Tuesday, April 10, 2012

Mortgage Modifications

For several years now, the home sales market in Greater Lowell has been sluggish, at best.  One big reason for that is the number of existing homeowners who are underwater on their mortgages.  Most in that position continue to make their monthly payments in the hopes of riding out the price trough and eventually regaining lost equity.  Others have no recourse but to endure foreclosure of the home.  But there's a third group and that's underwater homeowners who succeed in reaching a mortgage modification agreement with their lenders.  Quite a few such agreements get recorded here so I thought I'd scrutinize one and share some of the details.

First, the context: The property in question is a single family residence in a Greater Lowell community that was purchased by a married couple in 1999 for $169,000.  They financed that purchase with a mortgage of $135,200.  Like so many other American homeowners at the beginning of the 21st century, however, they began extracting cash from the rising value of their residence, refinancing four times: in 2001 for $200,000; in 2003 for $247,800; in 2004 for $352,750; and in 2005 for $409,500.  That last loan had an adjustable rate that began with 6.65% but which was permitted to rise in 2008.

That last loan was apparently too much for the home owners and they fell behind on their mortgage payments.  Unlike so many others, they were able to reach a Loan Modification Agreement with their lender earlier this month.  The agreement bundles all amounts owed (excluding late charges which are waived) into a new principal balance of $430,000.  That balance is divided into a "interest bearing principal balance" and a "deferred principal balance."  In our example, the "interest bearing principal balance" is $240,000 which is to be paid in monthly installments with interest at 5% until 2035 (thirty years from the initial loan).  The "deferred principal balance" was set at $190,000.  This amount is due on the maturity date of the loan or when the property is sold, whichever comes first. 

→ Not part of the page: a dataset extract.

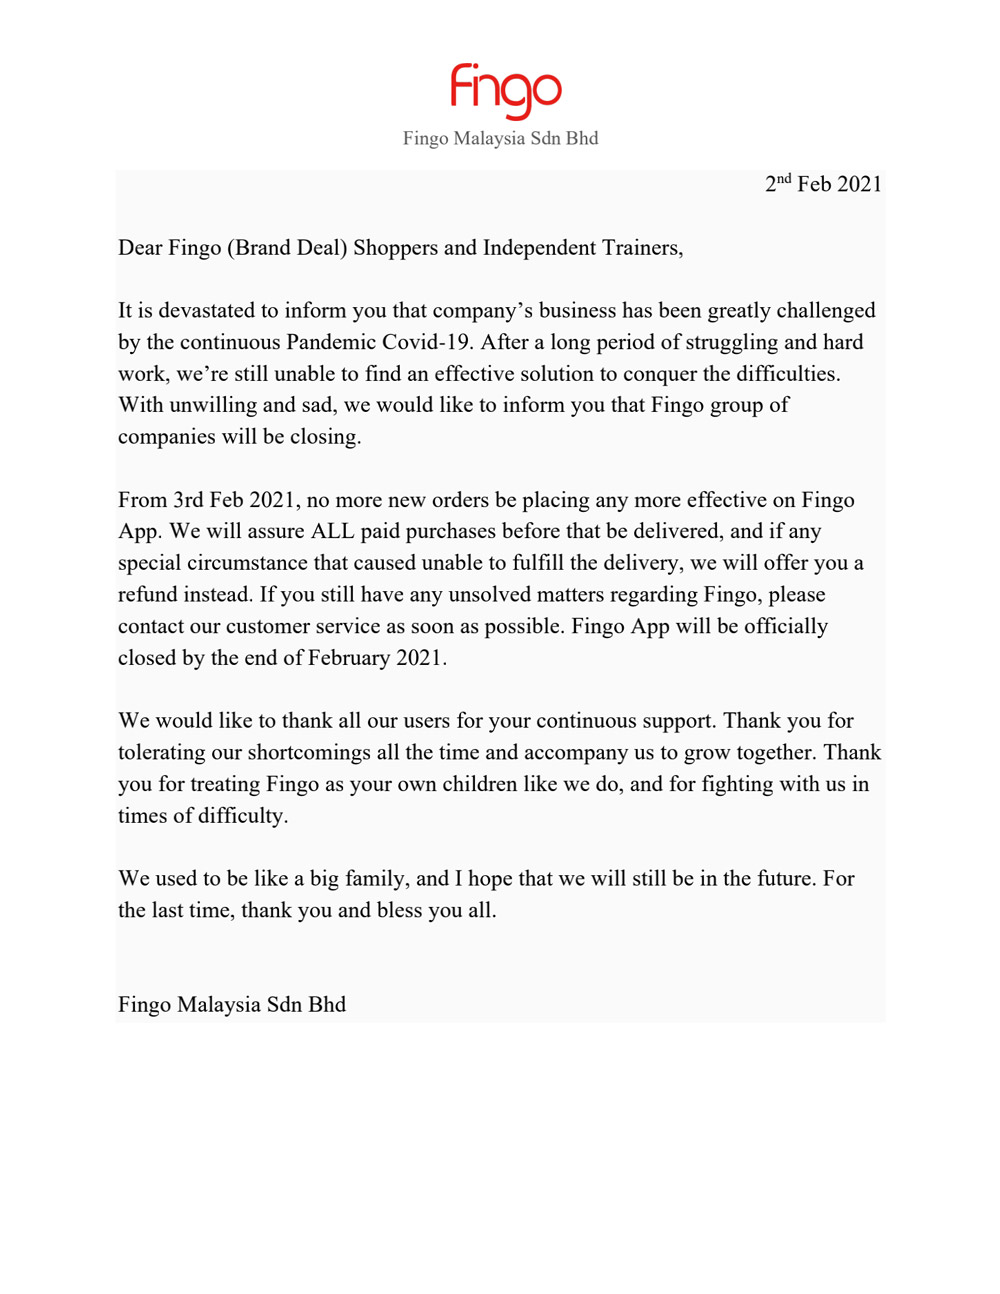 Fingo Malaysia宣布倒闭
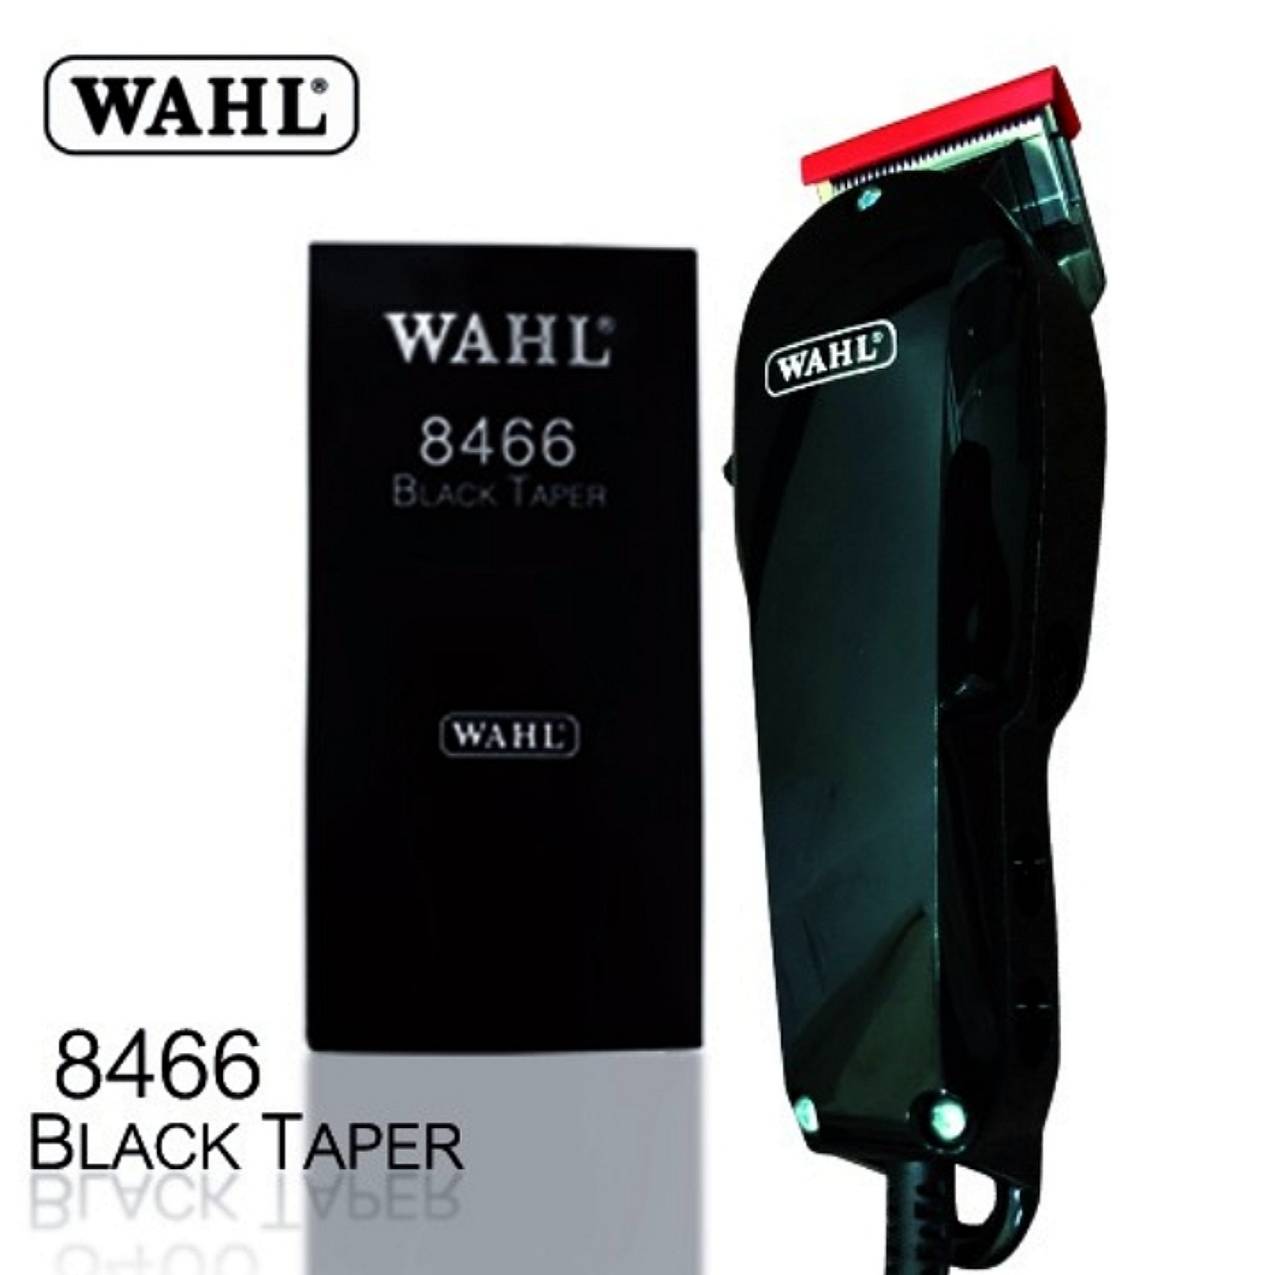 wahl black taper 8466

This certainly seems like a reasonable method of keeping underwater borrowers in their homes, but whatever the value of the house now, it seems unlikely that the value will claw back to something that exceeds the total amount owed any time soon.  That means the homeowner is effectively tied to the house for the foreseeable future.  Magnify this situation by everyone else in a like situation and you can better understand why the real estate market remains so sluggish.